I’ve been having conversations with people from the relatively new discipline of “personal coaching.” They usually group bits and pieces of meditation practice into a workshop format they call Mindfulness. They contend that these disciplines calm the haphazard functioning of the mind, but, given the elemental neurological composition of the brain, every technique I’ve talked about, the yogic position on the body, the calming of wayward thoughts and disturbing emotions, the training of attention by following the breath, are just that. They each have a specific goal: to become more productive, make more money, sleep better, or even experience more satisfying sex. Add these to the list of possible outcomes, and attach a price list.

Though these outcomes are possible, I fear life coaches sell meditation short if they stop there. These coach practitioners can be a bloodless, analytical lot. There is a reason why never charging for teaching has endured for more than two millennia.

Practice can open a path to the center of everything. The Koan collection is packed with story after story about practice becoming stale and comforting but not open to much new. Repeated exercises become rote. Meditation halls are filled with advice about keeping it fresh. In some cases, with some teachers, sitting like a rock can even become a fetish, and, at least in my experience, even a spiritual fetish is not something we should aspire to achieve.
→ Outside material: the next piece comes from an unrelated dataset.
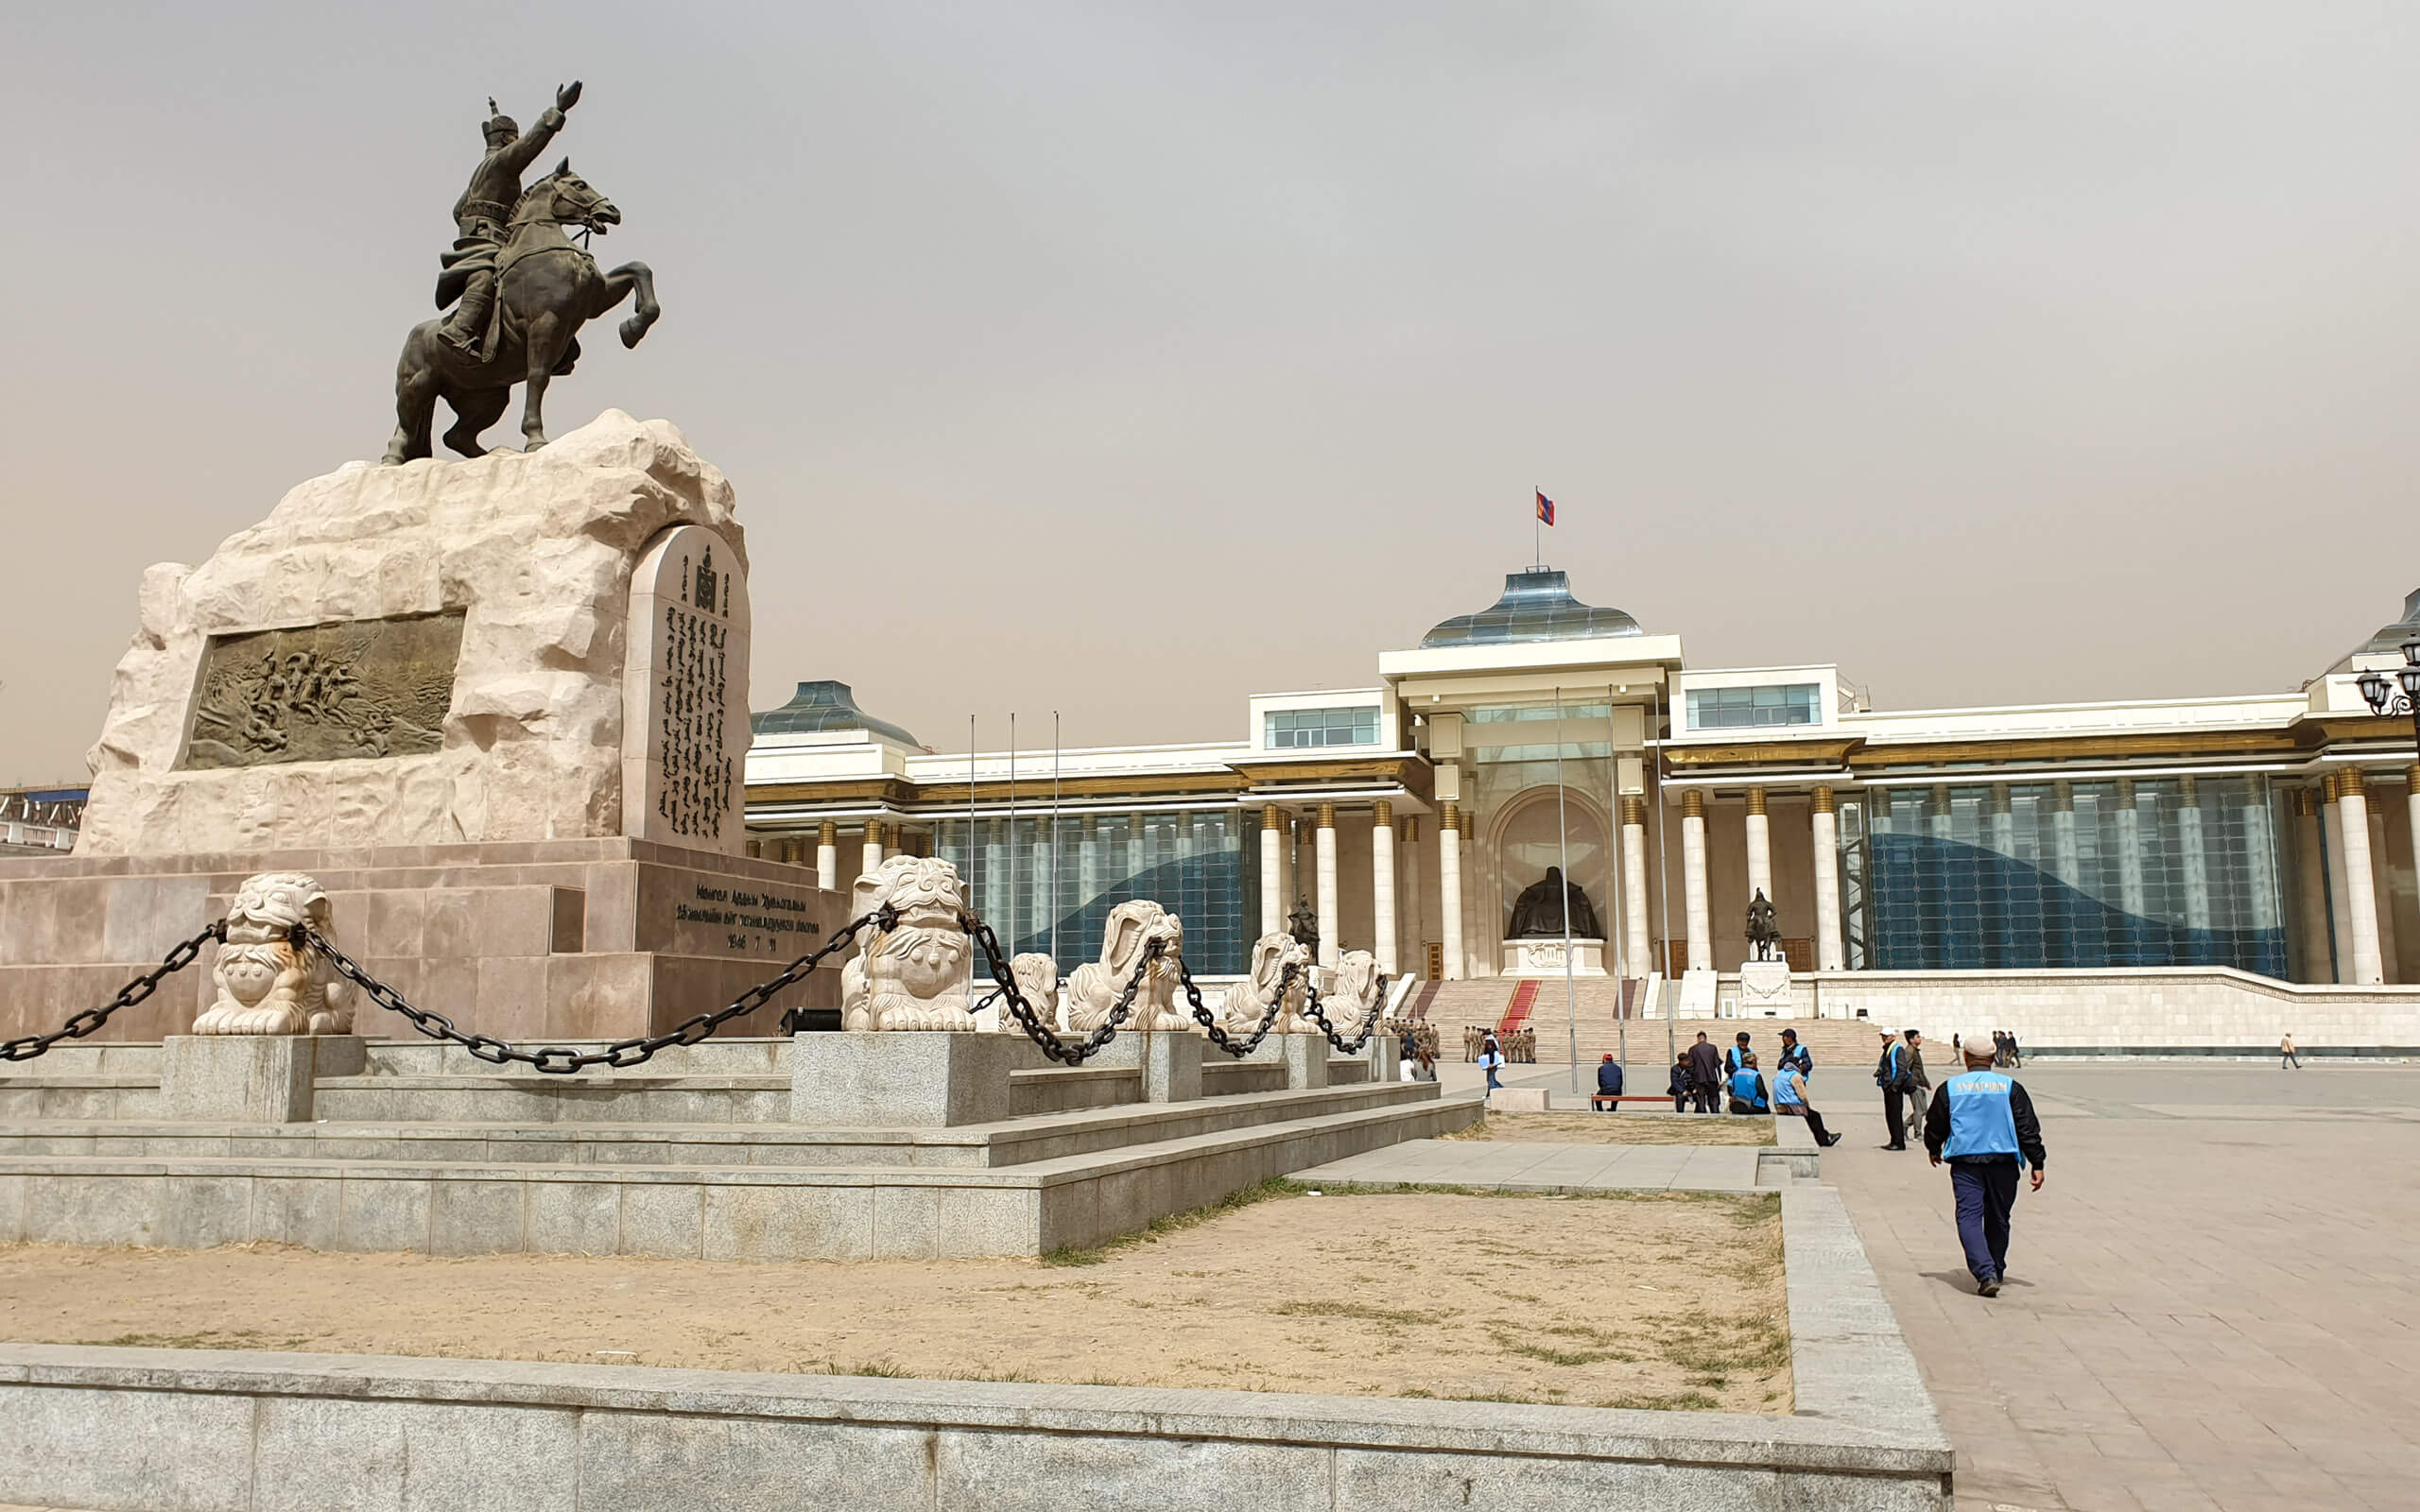 Ulaanbaatar's main square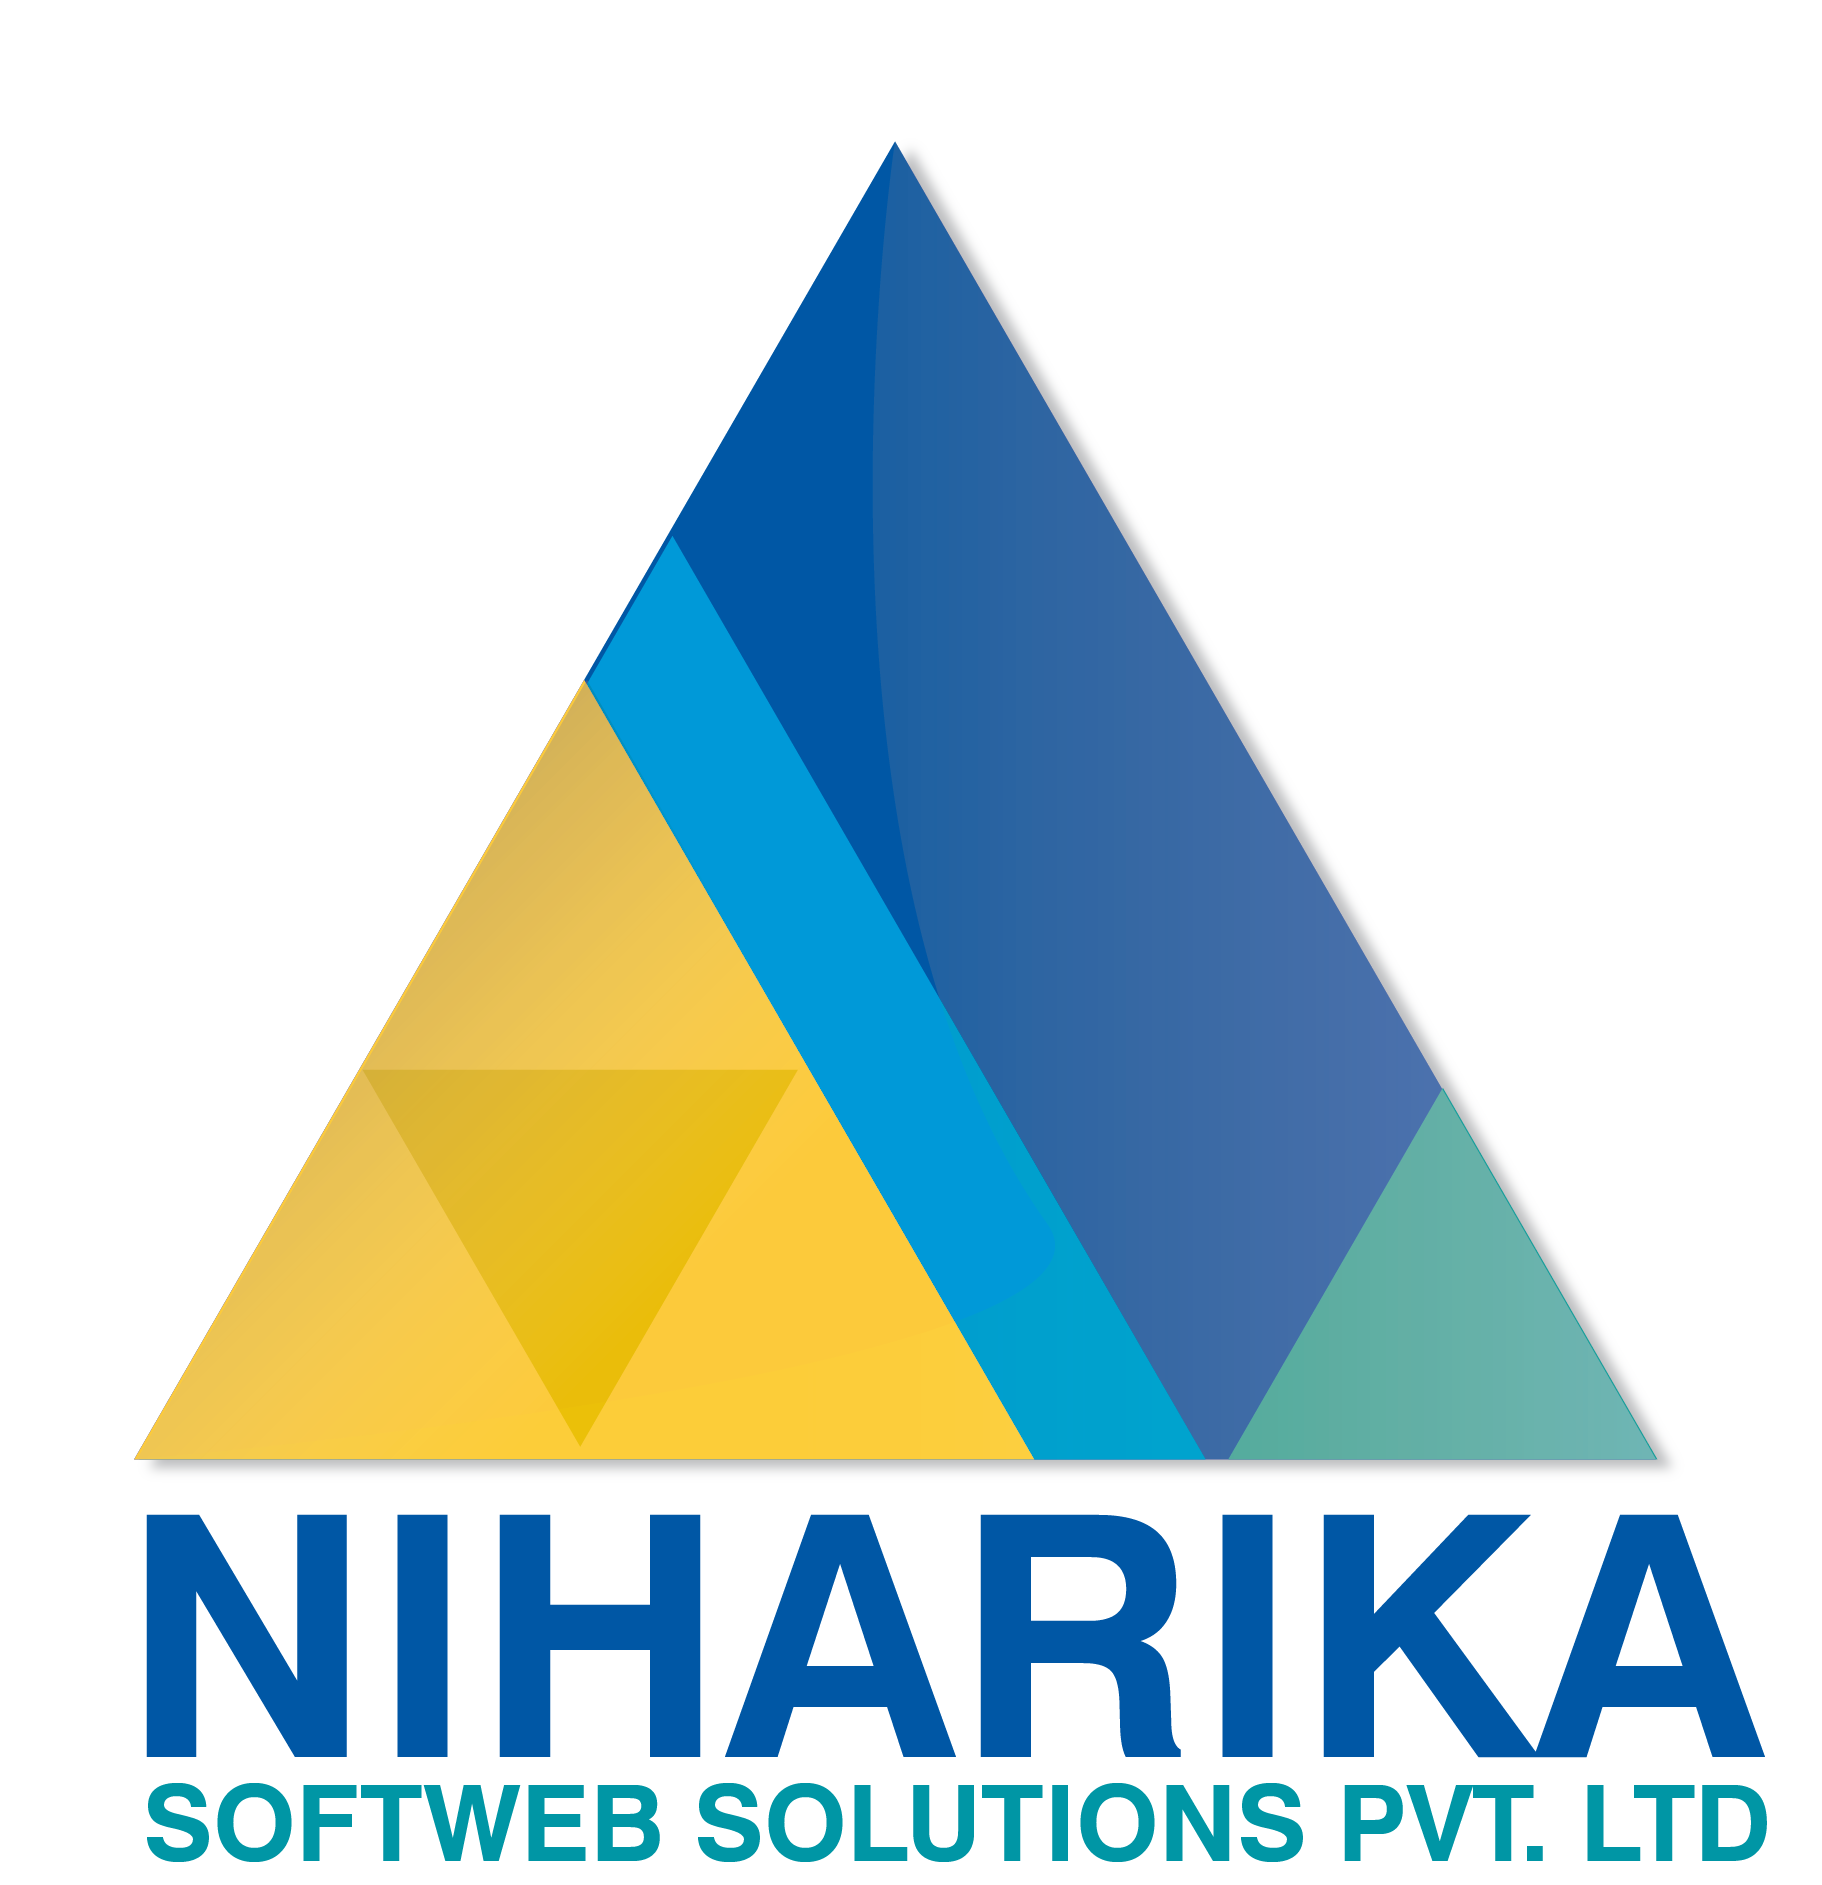 Niharika Softweb Solutions

In one of his short online talks, Richard Baker Roshi says that an essential but often overlooked quality of zazen is akin to affection or love. For meditation to settle in and become part of our lives, we treat it like a lover, a constantly changing relationship that we can’t give up on or put down. It’s not an easy path. We will surely have fights and rocky periods, but the rewards are immeasurable.

I have fallen in and out of love, and I have years of therapy to help me sort the wheat from the chaff. And I keep coming back to Zazen.

Lesson Four: Allow yourself to fall in love with Zazen.